Saint Bernadette’s First Vision at Lourdes

Saint Marie-Bernarde Soubirous saw the first of her 18 'visions' in Lourdes on 11 February 1858.

Saint Bernadette of Lourdes
Lourdes in 1858 was an inconspicuous little French town on the Gave de Pau River at the foot of the Pyrenees, with around 4,000 inhabitants. One of them was a former miller named François Soubirous, who had fallen on hard times. He and his wife Louise had six children. The eldest was their daughter Marie-Bernarde, known as Bernadette. Desperately poor, the family lived squashed into one small room. Bernadette spent part of her childhood brought up by an aunt, had little in the way of schooling and was unable to read or write.

Bernadette went back to the grotto seventeen more times and saw the Lady, though no one else ever did. Her story spread round the town like wildfire. The Lady was generally assumed to be the Virgin Mary and more and more townspeople began to go to the grotto with Bernadette, but there was considerable scepticism, from the parish priest among others.

On February 25th the Lady told Bernadette to drink the water of a spring that flowed under her rock. As there seemed to be no spring, Bernadette dug in the ground. Nothing happened, but a day or so afterwards the water started to flow. Bernadette drank it and washed in it and others did the same and the water acquired a reputation for healing properties. The spring is still flowing at the rate of 32,000 gallons a day, but analysis of the water has found nothing remarkable about it.

On February 27th and March 2nd the Lady told Bernadette that the priests should be told to build a chapel at the site and have people come there in processions. Word of what was going on reached the French newspapers and the crowds acompanying Bernadette to the grotto swelled to thousands and had to be controlled by the police.
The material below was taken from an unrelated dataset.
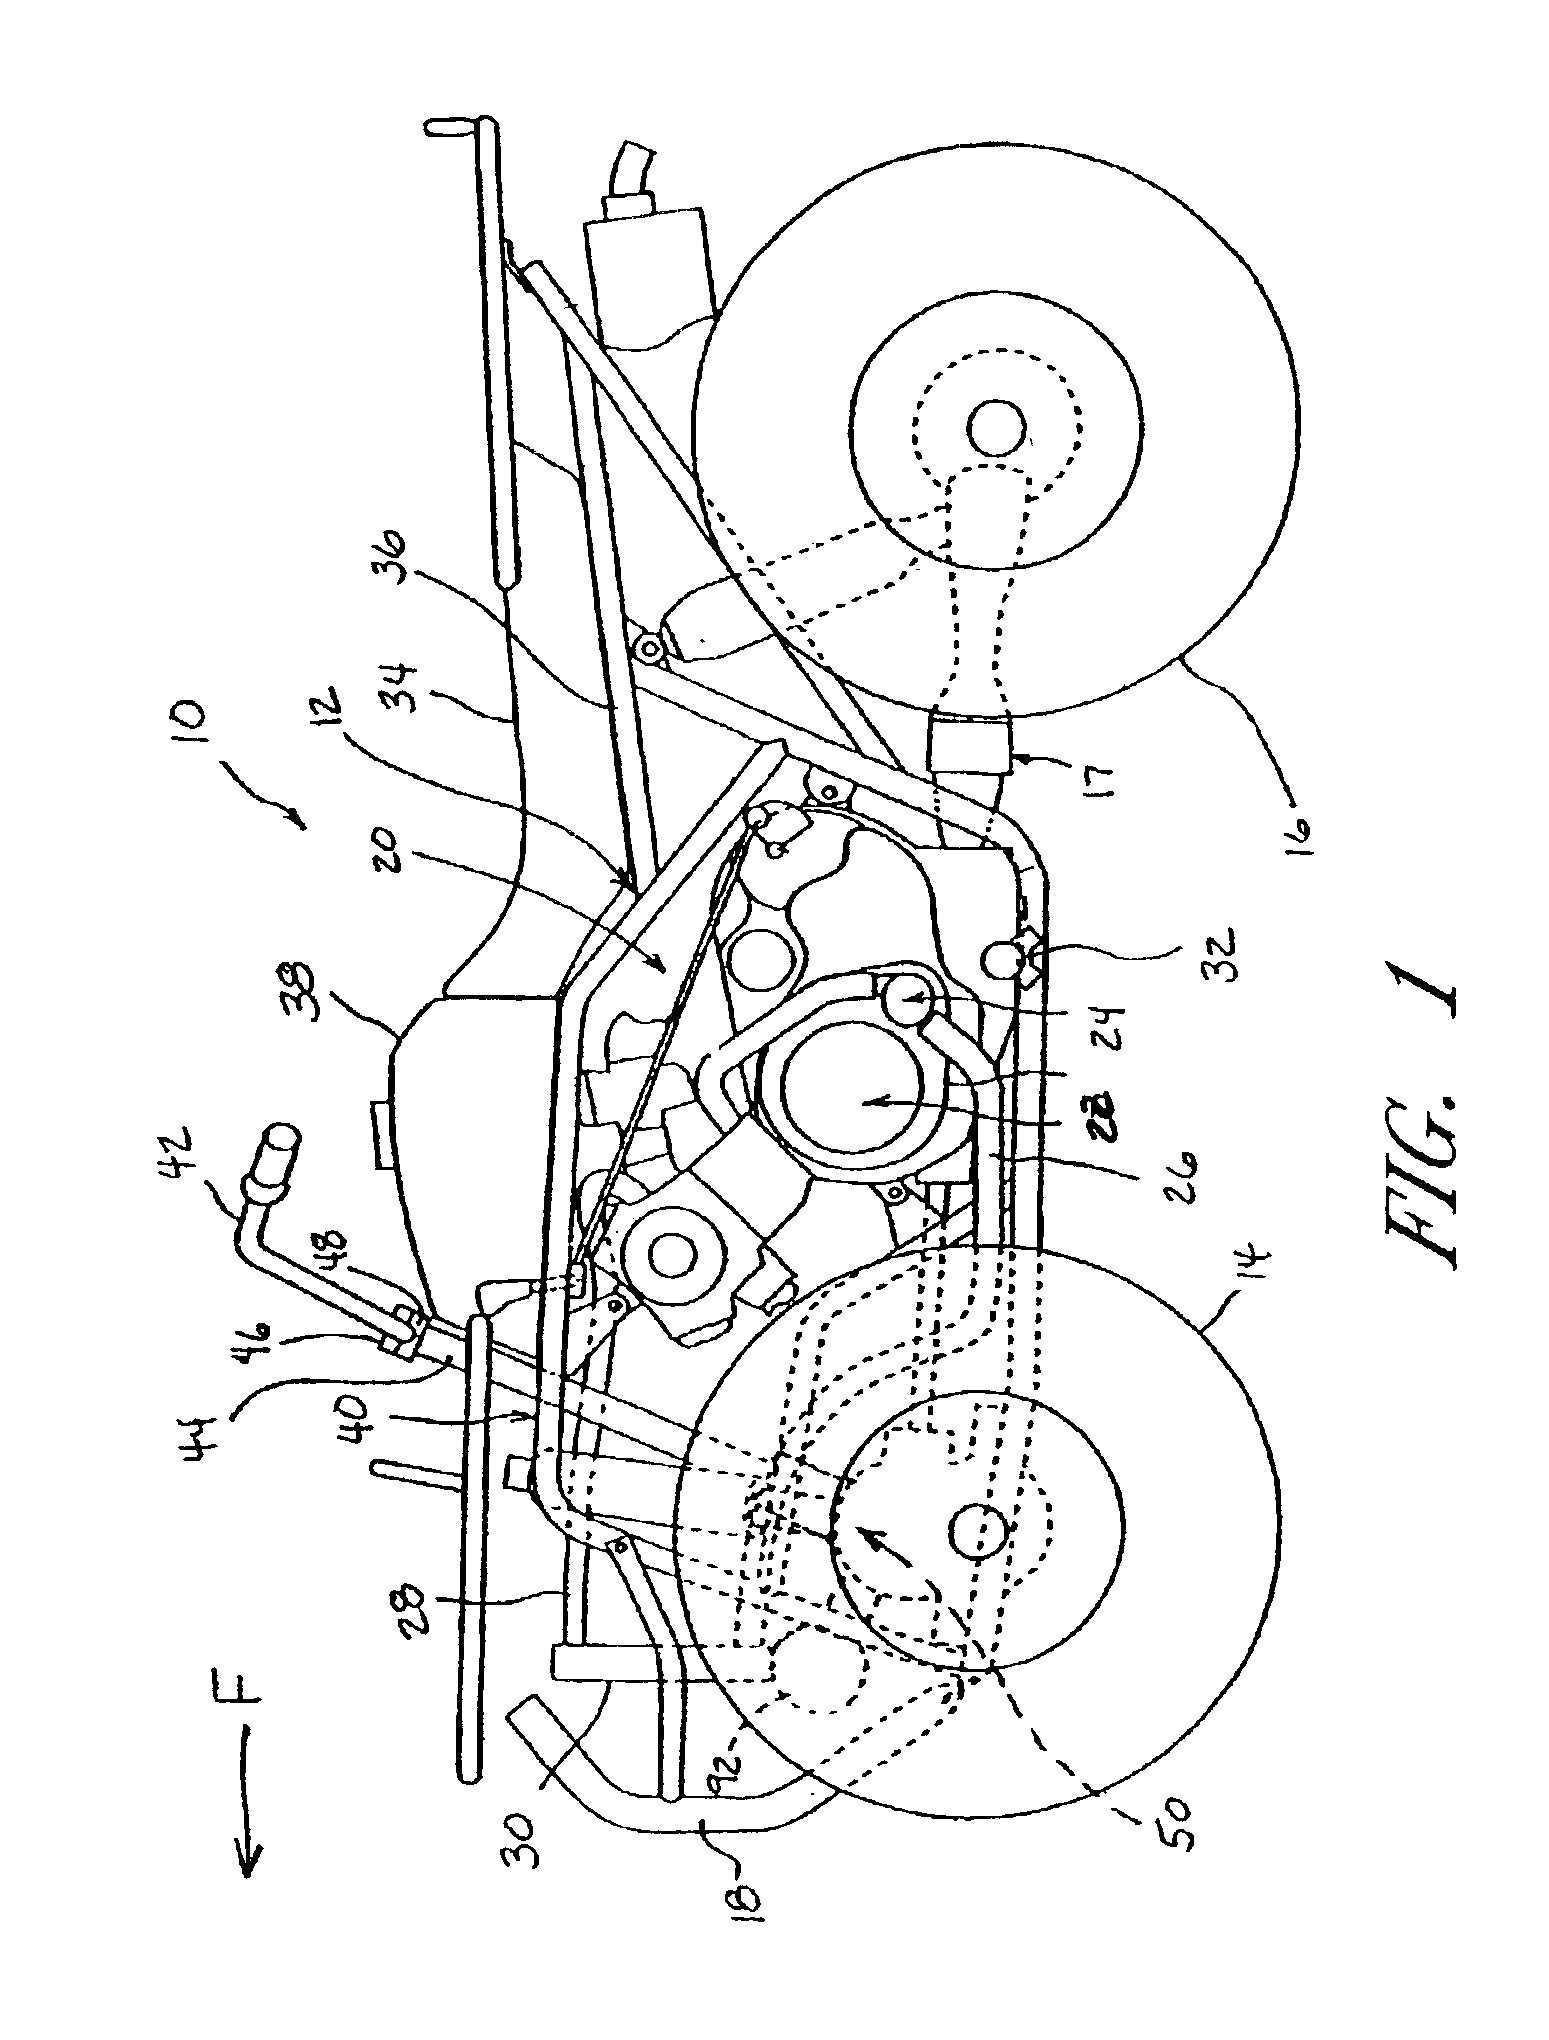 Power assisted steering for all terrain vehicle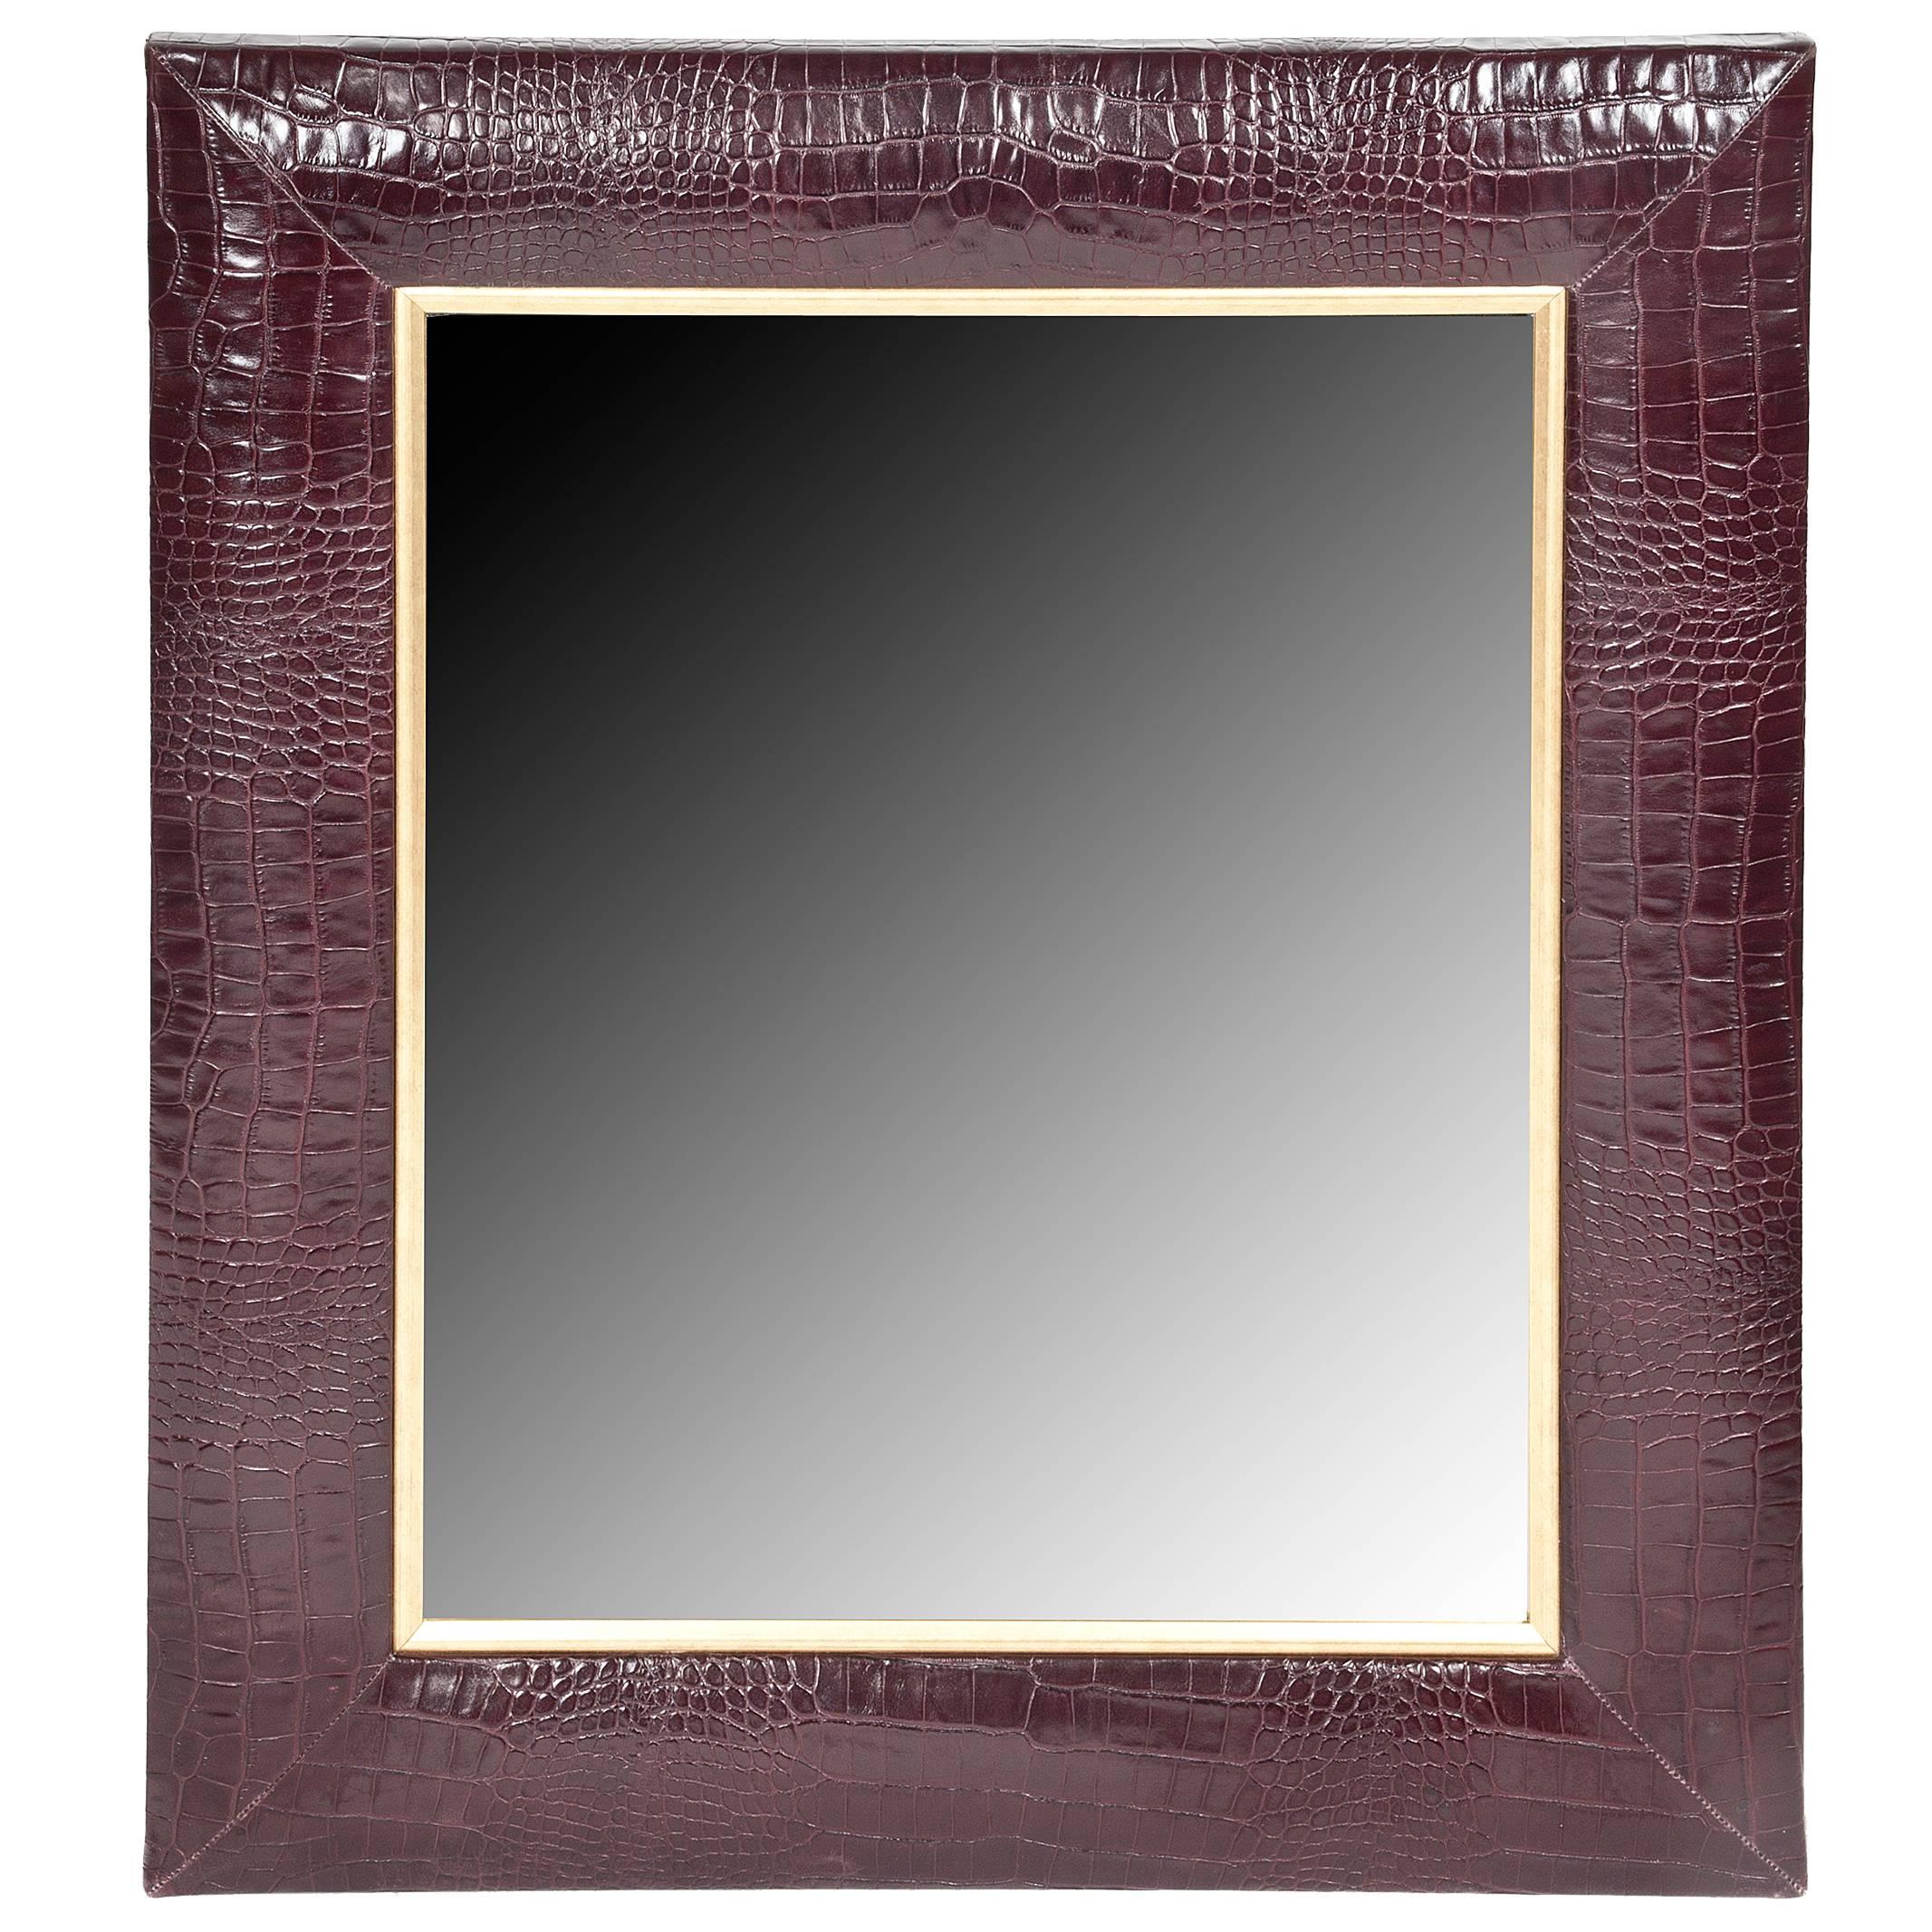 Bordeaux Croc Embossed Leather Framed Mirror with Champagne Gold Detailing For Sale

On the feast of the Annunciation of the Virgin Mary on March 25th, the Lady at last proclaimed her identity. Speaking to Bernadette in the local Lourdes patois, she said ‘I am the Immaculate Conception’. The doctrine of the Immaculate Conception had been proclaimed only a few years before, in 1854. Bernadette saw her last apparition on July 16th, the feast of Our Lady of Mount Carmel.

Bernadette was rigorously cross-examined by the local police, but stuck to her story. The authorities were sceptical and in 1858 the town mayor had the grotto and the spring barricaded off, allegedly on grounds of hygiene. In 1862, however, after a thorough enquiry by a Church commission, the local bishop decided that the visions were genuine and approved the cult of Our Lady of Lourdes. A church was started the same year. Bernadette spent much of the rest of her life in the convent of the Sisters of Charity at Lourdes, where she died in 1879 at the age of thirty-five. She was beatified in 1925 and canonized in 1933.

Pilgrims began flocking to Lourdes from all over France and 100,000 people attended the consecration of the church in 1876. The town was to become one of the Christian world’s most celebrated pilgrimage centres and the numbers increased to such a degree that a second church was begun in 1883. The centenary year of 1958 brought six million pilgrims to Lourdes and the usual annual figure is said to be five million. Many of them are sick and hoping to be healed. The first cure was reported in 1858 and in 1861 a commission of enquiry pronounced fifteen of a hundred reported cures to be miraculous.

Bernadette’s body was exhumed in 1909 and was found ‘incorrupt’. Reburied in a new casket, she was exhumed again in 1919 and the body was still well preserved, though the face was slightly discloured. She was exhumed yet again in 1925 and reburied in the Chapel of St Bernadette in the Sisters of Charity convent which is visited by huge numbers of pilgrims.